§ **Task directions**: Each line below from the "Corporate Brochure Design" line through the "Vase Lucca –" line, those two included, must be restated word for word; the pictures must not be.

§ **Input records**:
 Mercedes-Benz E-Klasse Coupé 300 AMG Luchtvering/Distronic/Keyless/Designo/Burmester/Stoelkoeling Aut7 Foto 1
...
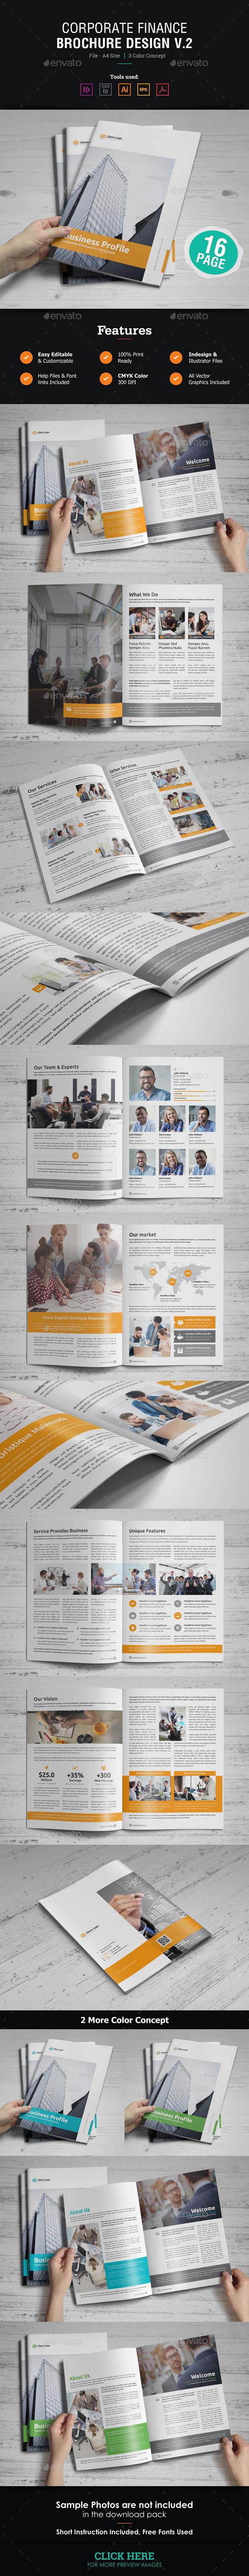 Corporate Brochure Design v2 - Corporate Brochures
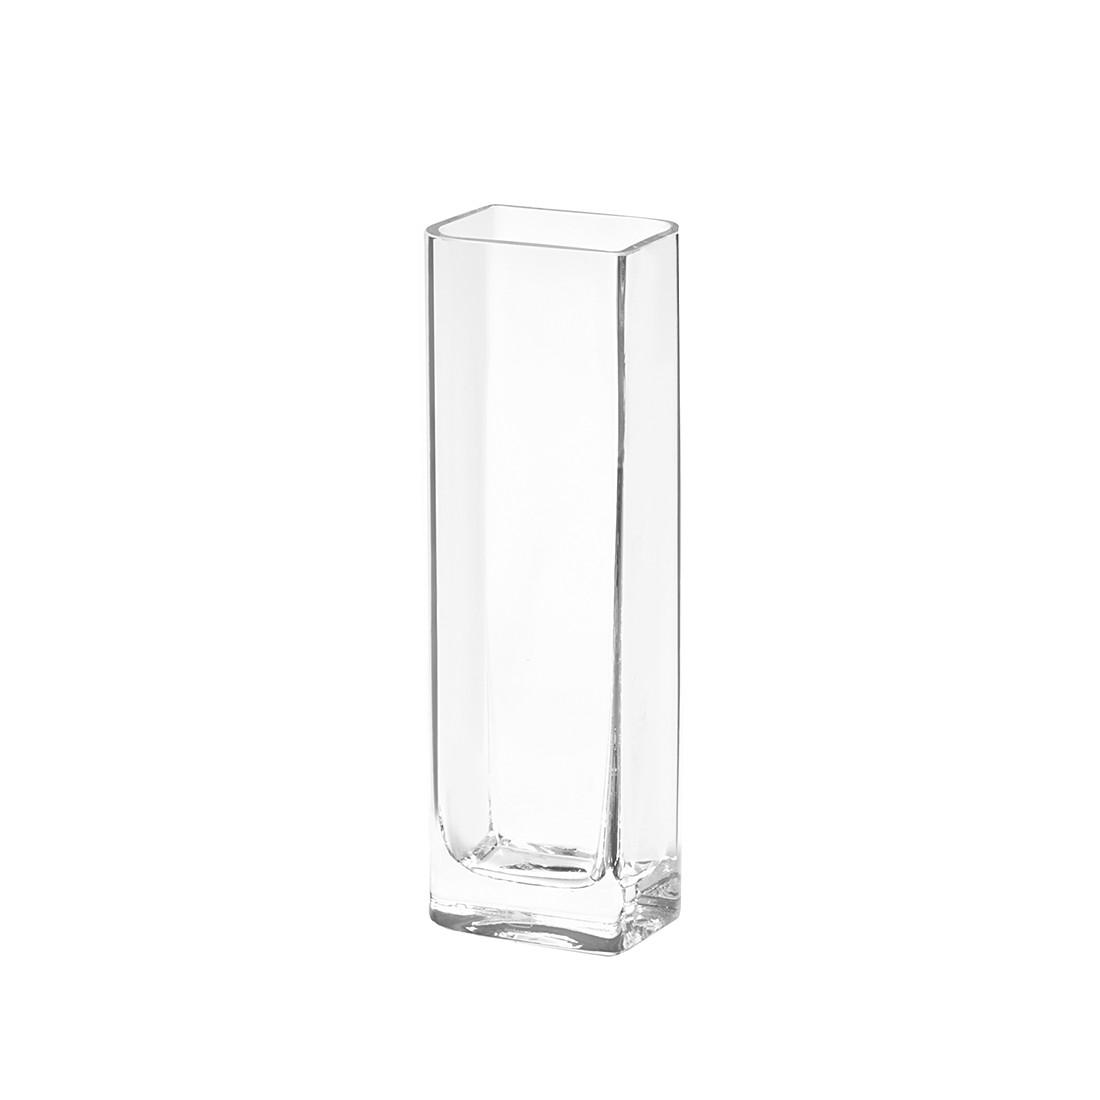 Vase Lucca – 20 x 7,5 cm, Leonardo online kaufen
==
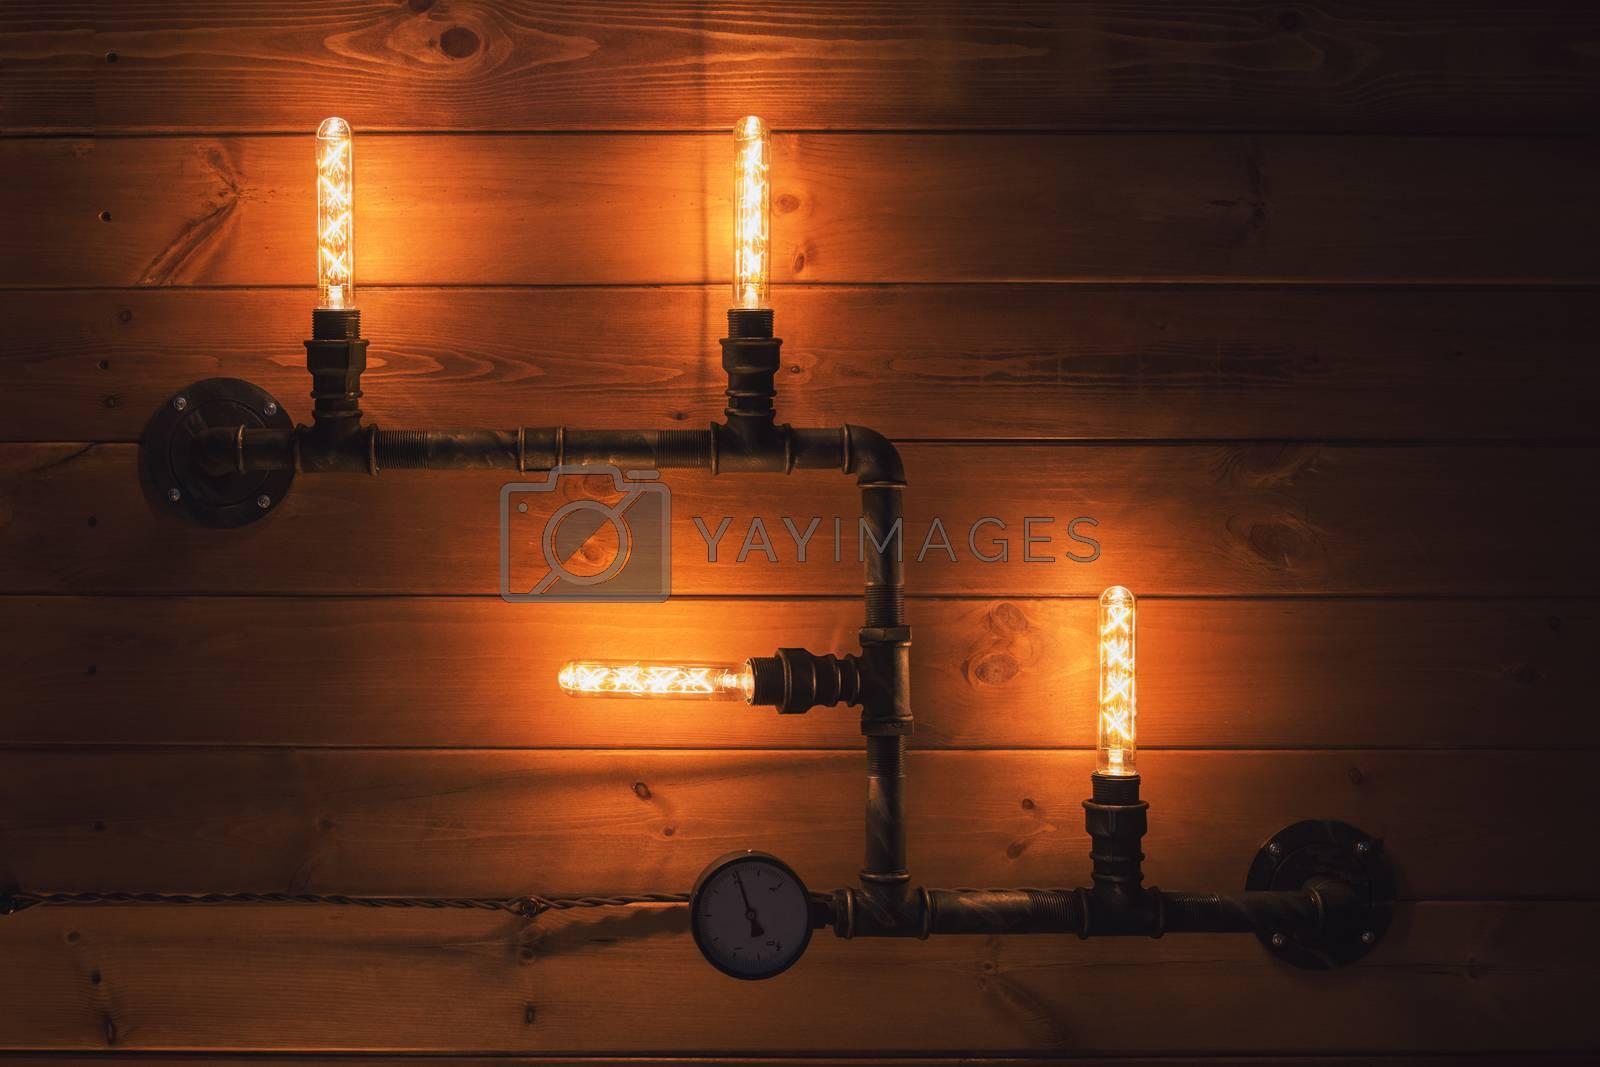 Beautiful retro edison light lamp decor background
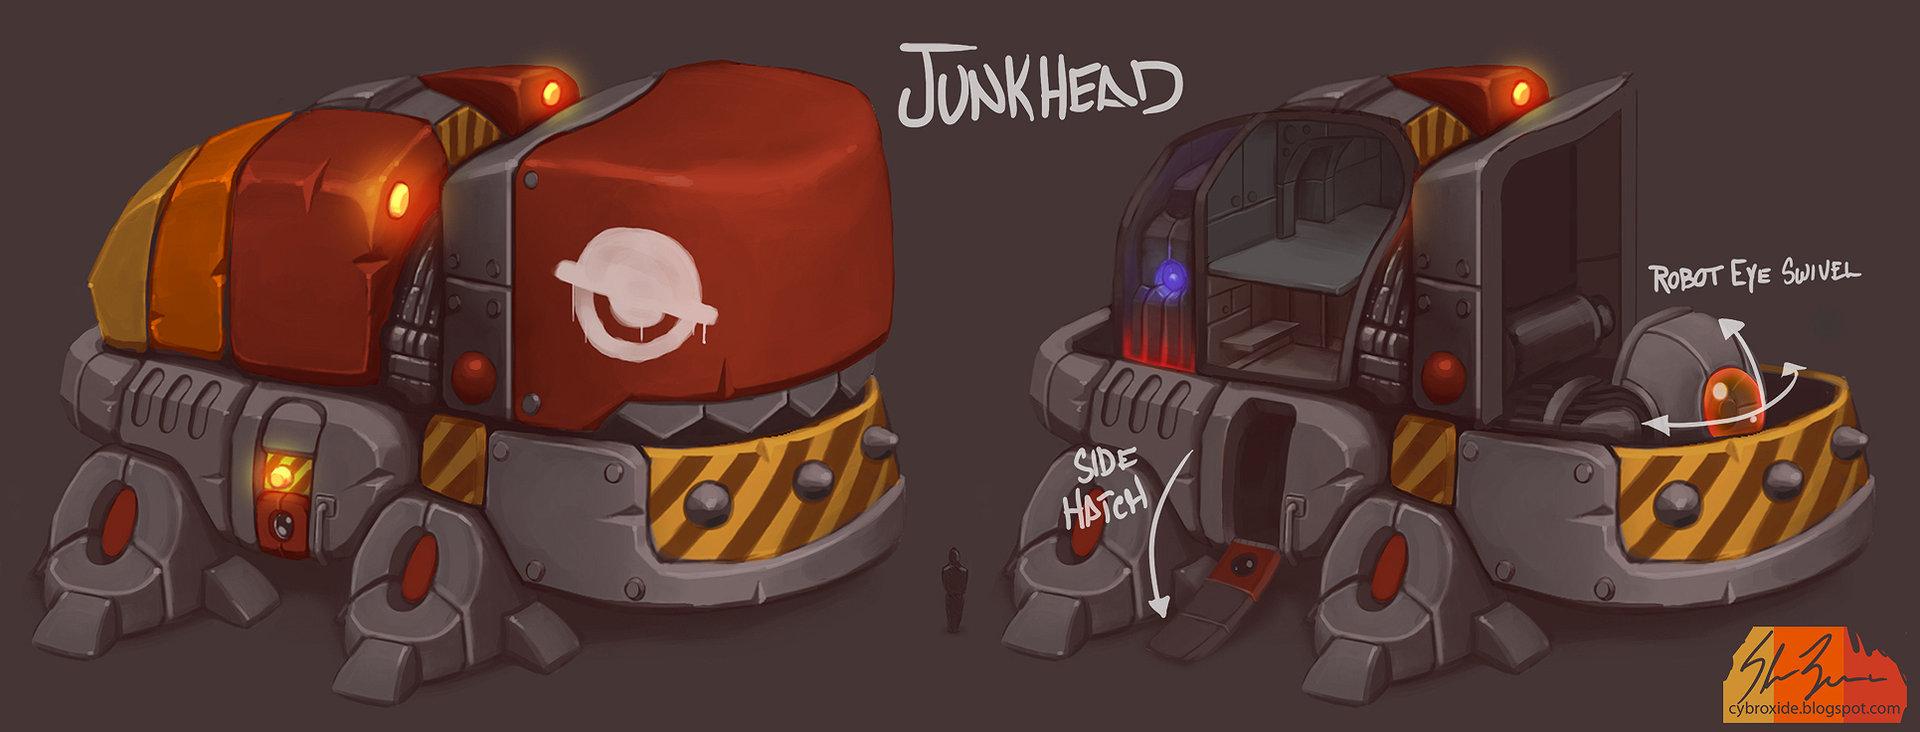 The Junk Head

§ **Task solution**:
 Corporate Brochure Design v2 - Corporate Brochures
 Vase Lucca – 20 x 7,5 cm, Leonardo online kaufen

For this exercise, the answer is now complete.